DDD restructures your entire backend approach by organizing code around business domains instead of technical layers. This guide walks you through ubiquitous language, bounded contexts, tactical patterns, and real implementations in Spring Boot and Node.js TypeScript — with folder structures, case studies, and migration strategies.

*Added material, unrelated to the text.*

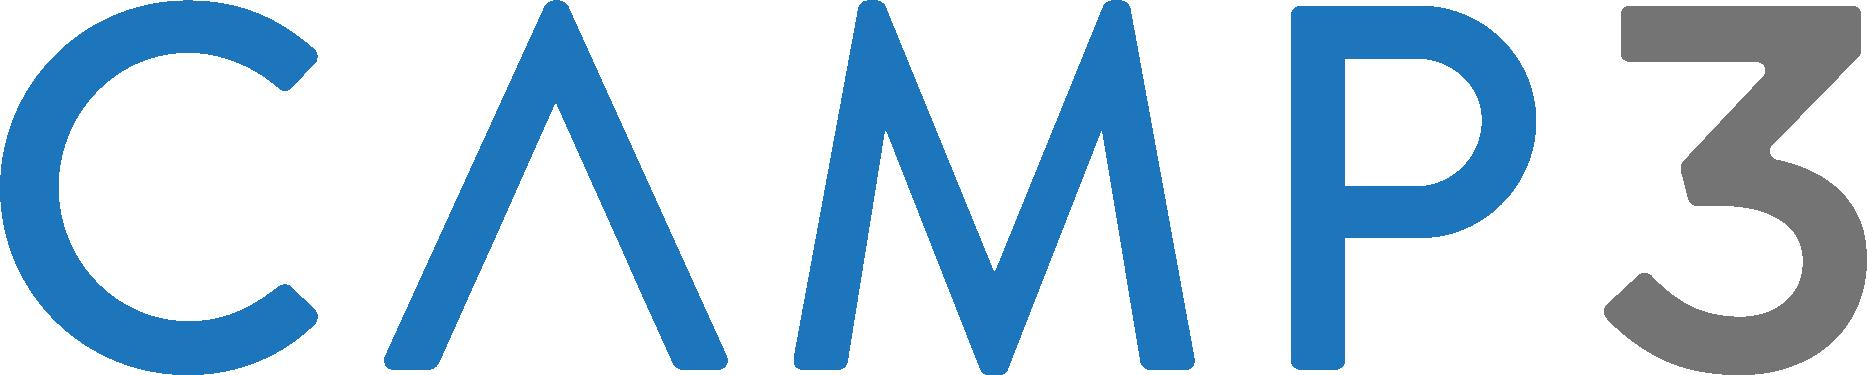 camp3_logo.png
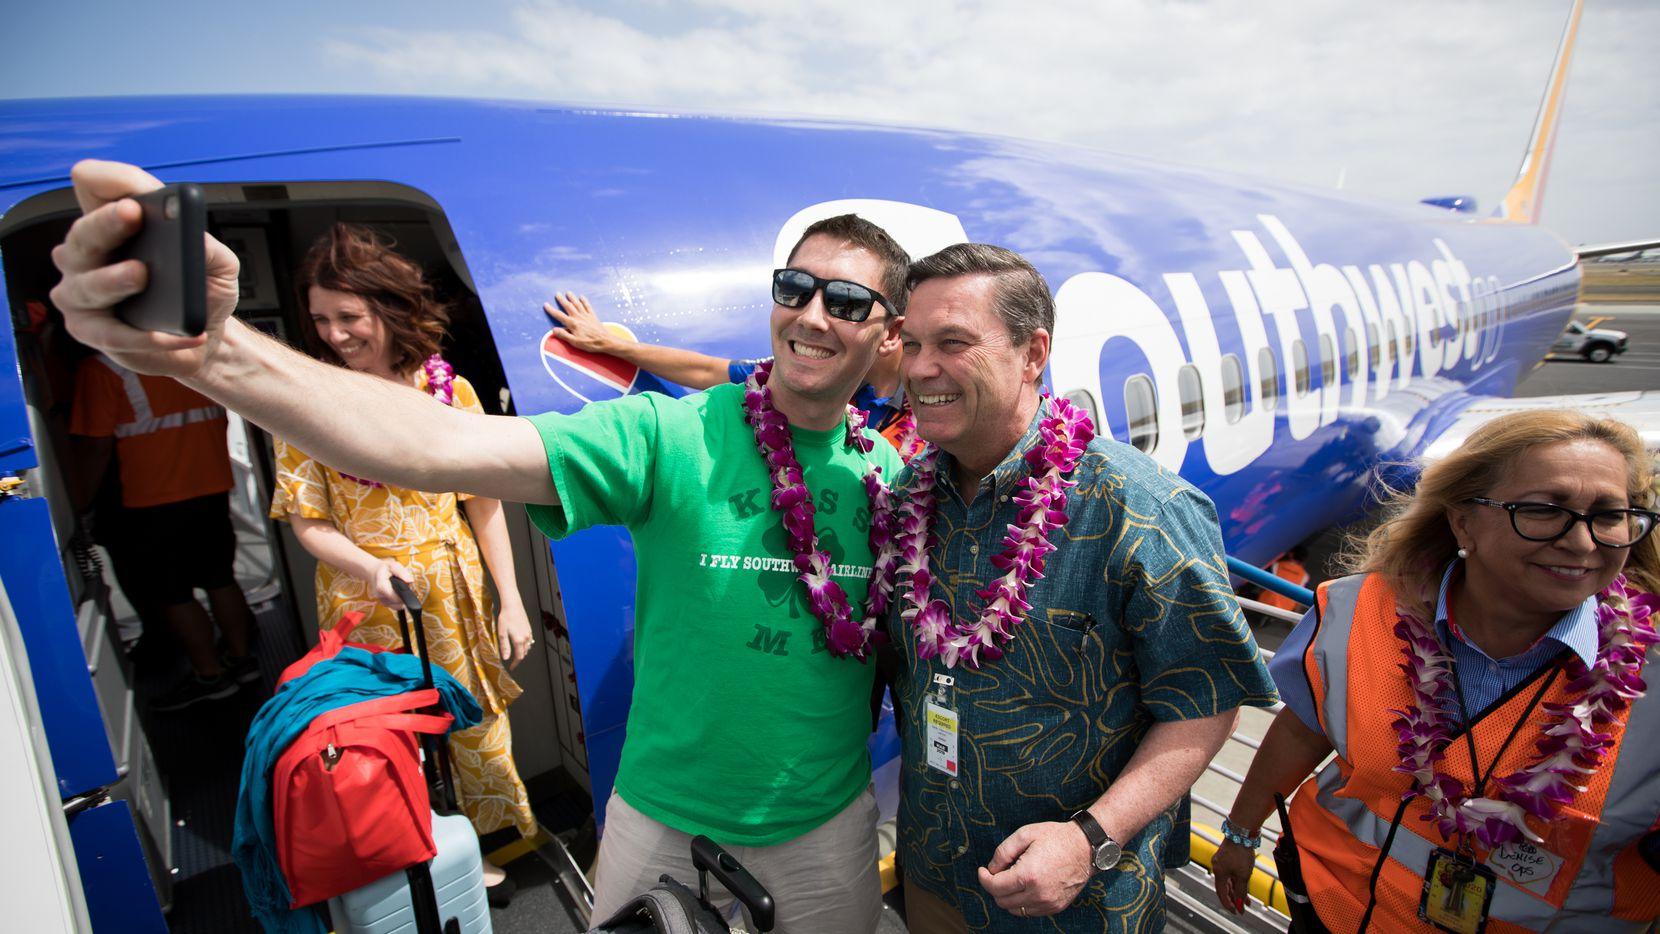 Southwest Airlines President Tom Nealon greets arriving passengers on the inaugural flight to Hawaii touches down in Daniel K. Inouye International Airport in Honolulu. // Stephen M. Keller, 2019

The Problem: Why Your Backend is Hard to Scale

How to Fix Messy Backend Architecture

Symptoms of Poor Domain Modeling:

  • ❌ Business logic scattered across services
  • ❌ Tightly coupled domain logic issues
  • ❌ Same concept named differently everywhere
  • ❌ Controllers containing business rules
  • ❌ Services doing persistence work
  • ❌ Hard to understand the domain
  • ❌ Feature changes affect entire codebase
  • ❌ Poor domain modeling consequences

Why This Happens:

  • No clear language between business and engineering
  • Architecture mirrors database schema, not business
  • Technical layers dominate (controllers → services → repos)
  • Domain knowledge lives in developers’ heads only

How Domain-Driven Design Solves This:

DDD restructures your entire approach by:

  1. Creating ubiquitous language - everyone speaks the same language
  2. Identifying bounded contexts - clear business domains
  3. Encapsulating business logic - in domain models, not services
  4. Using tactical patterns - repository, factory, value objects, etc.
  5. Managing domain complexity - through strategic design

Domain-Driven Design Step-by-Step Guide

Phase 1: Understanding Your Domain (The Critical First Step)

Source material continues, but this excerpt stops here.